The paper on Duolingo effectiveness is pretty cool. I think it’s particularly noteworthy that more prior knowledge of Spanish led to less of an effect of Duolingo. I wonder if that’s because Duolingo is essentially using a worked example model, and worked examples do suffer from the expertise reversal effect.
Moreover, there are early indications that the high interactivity and personalized feedback of online education might ultimately offer a learning structure that can’t be matched by the traditional classroom.
Duolingo, a free Web-based language learning system that grew out of a Carnegie Mellon University research project, is not an example of a traditional MOOC. However, the system, which now teaches German, French, Portuguese, Italian, Spanish and English, has roughly one million users and about 100,000 people spend time on the site daily.
I agree with the post below which suggests that MOOCs misunderstand what a good teacher does–that’s what my post earlier was about. I’m not convinced that I agree with the author’s definition of what a teacher does. Yes, a good teacher does all those things described in the second paragraph below, but a key part of what a teacher does is to motivate the student to learn. Learning results from what the student does and thinks. It’s the teacher’s job to cajole, motivate, engage, and even infuriate the student so that he or she thinks about things in a new way and learns. In the end, it’s always about the student, and the most important thing a teacher does is to get the student to do something.
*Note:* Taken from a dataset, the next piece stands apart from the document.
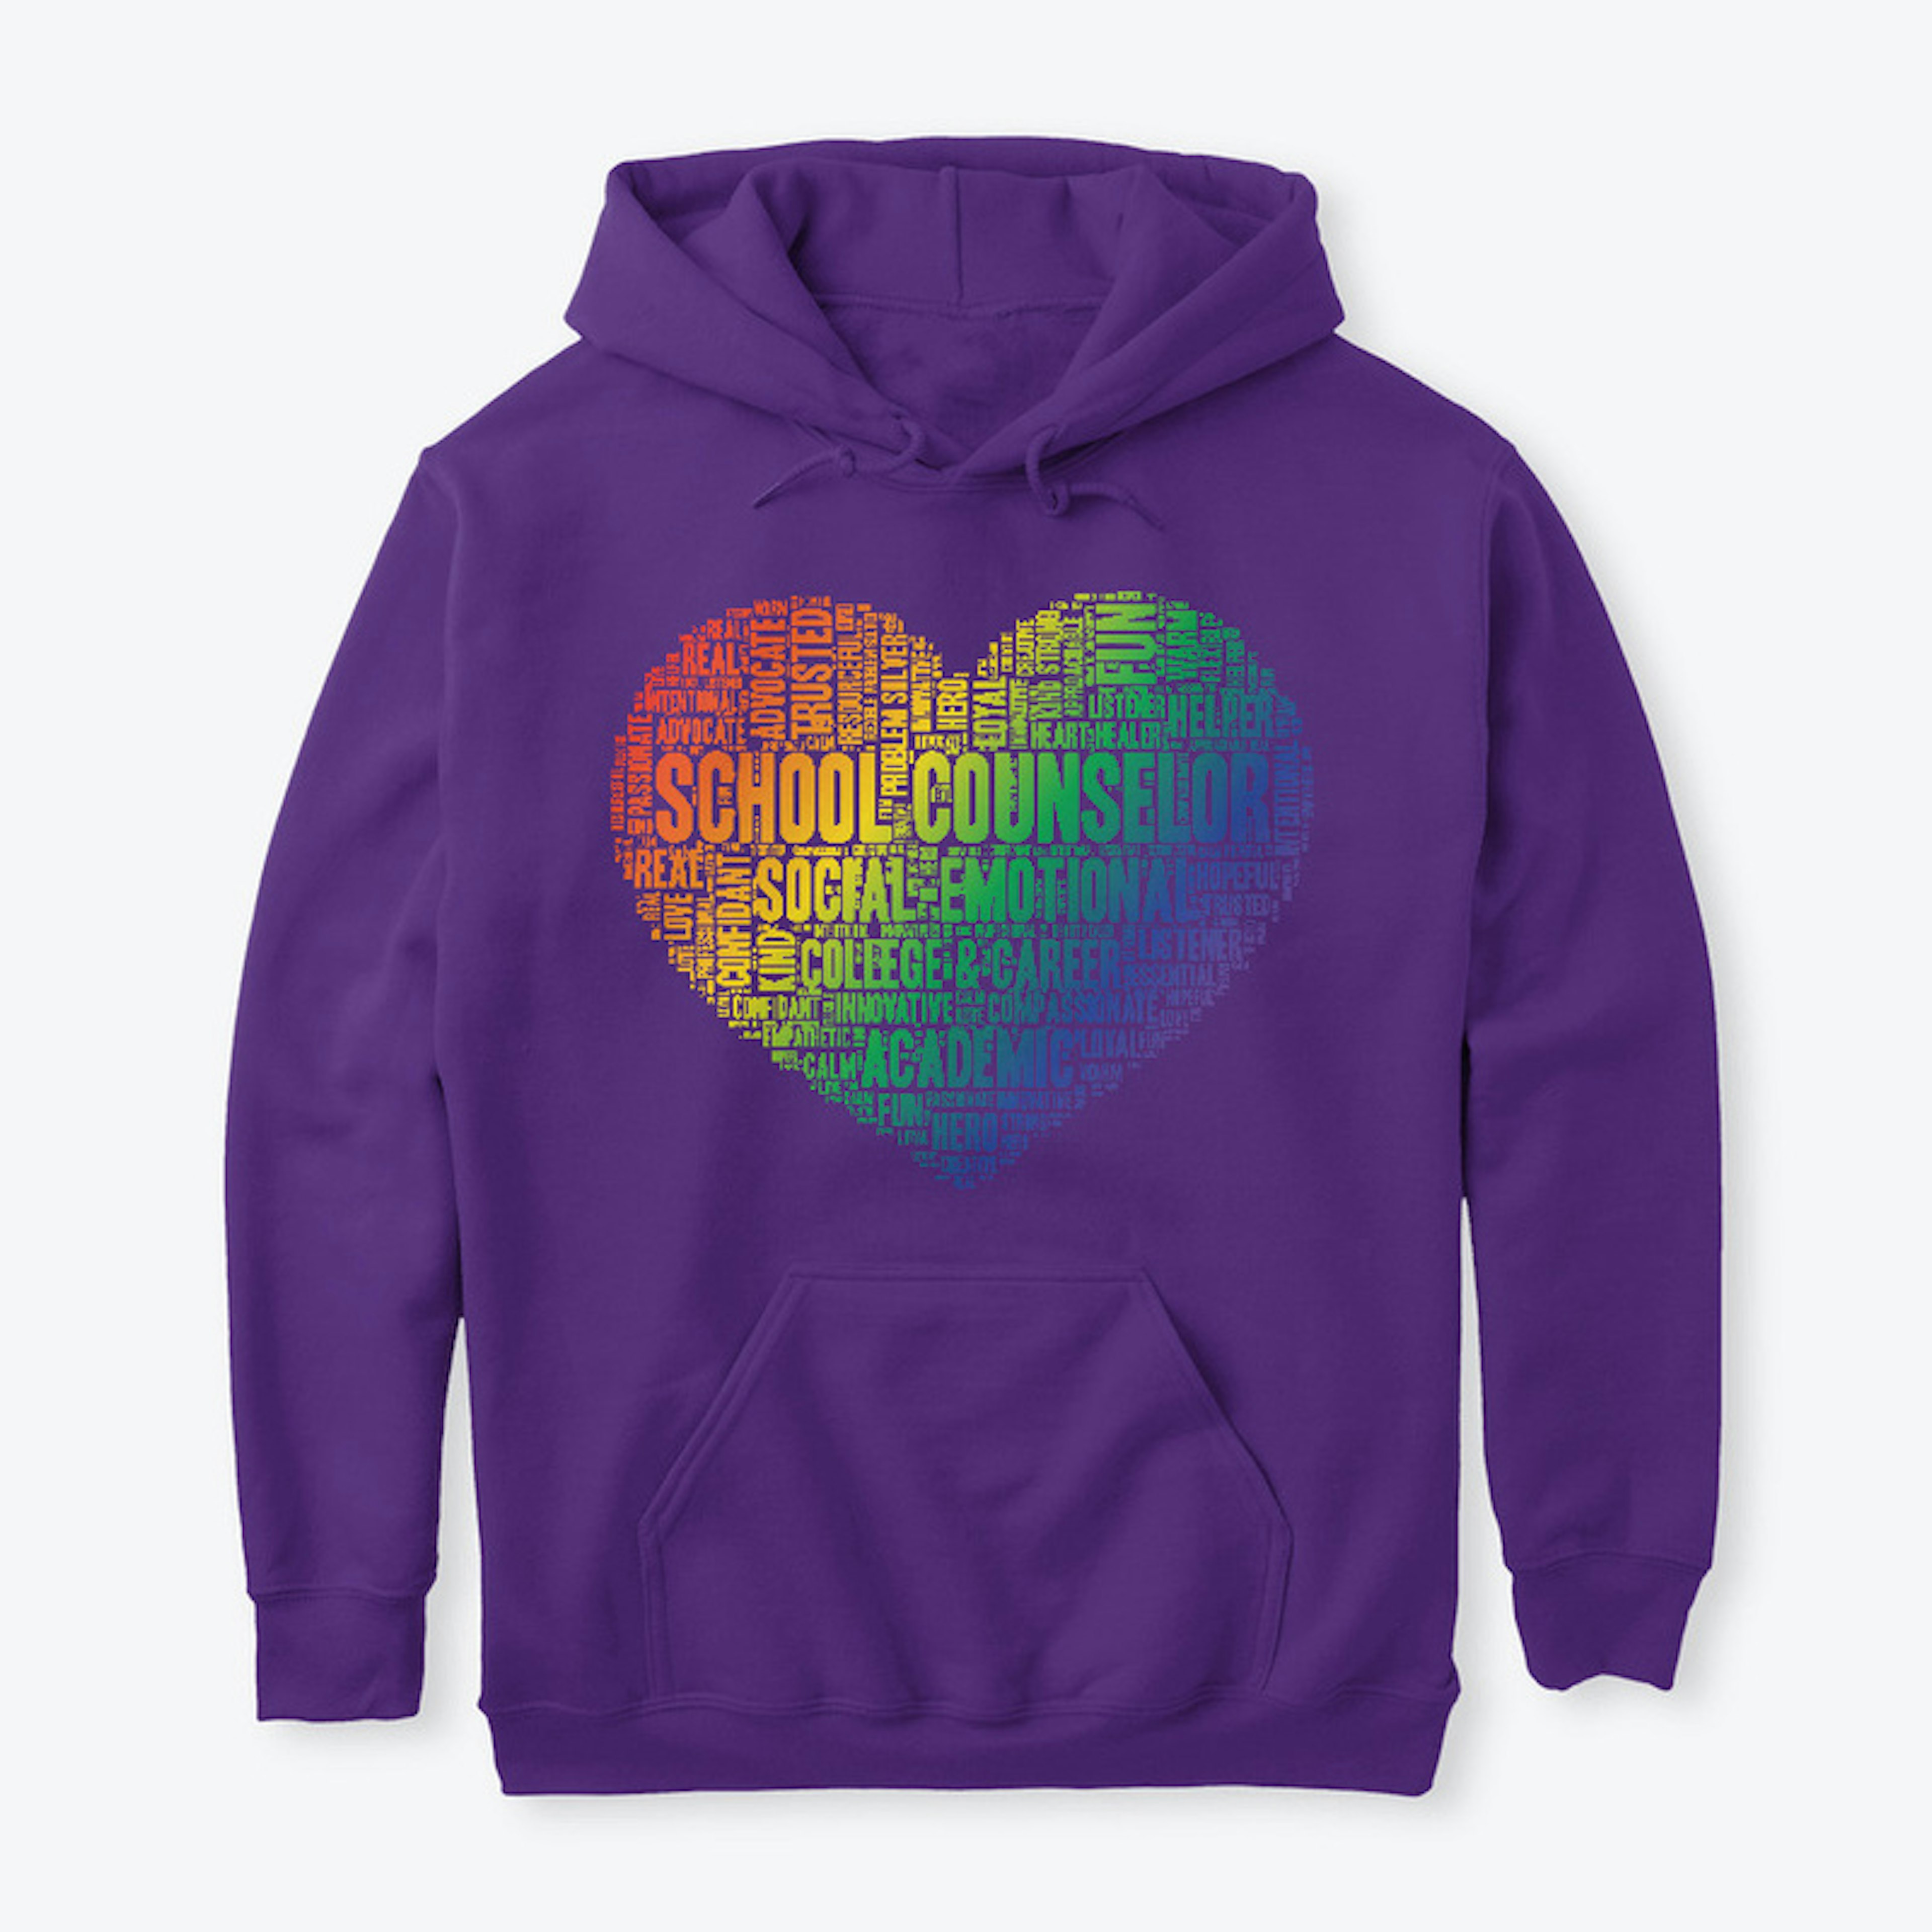 School Counselor Rainbow Heart

But even if Tabarrok’s model makes good economic sense, it makes bad education sense and misrepresents what genuine teaching is and what the “best” teachers actually do. For starters, unlike TED speakers, they don’t simply deliver lectures and profess. They also work with students to help them become better thinkers, readers, and writers. How?
Through personal attention (such as tutorials) and classroom interaction (such as discussions and the guided close reading of texts). By constantly testing their students’ minds against theirs, forcing them to ask the hard questions and to explain them with significant answers. And by giving them appropriate personalized feedback.
Seb Schmoller had a nice response to my Friday post, where he asked what it will take for MOOCs to engage the student and lead to the learning that a good teacher can achieve. He included a wonderful quote from Herb Simon which really captures the key idea:
“Learning results from what the student does and thinks, and only from what the student does and thinks. The teacher can advance learning only by influencing what the student does to learn.” – Herb Simon.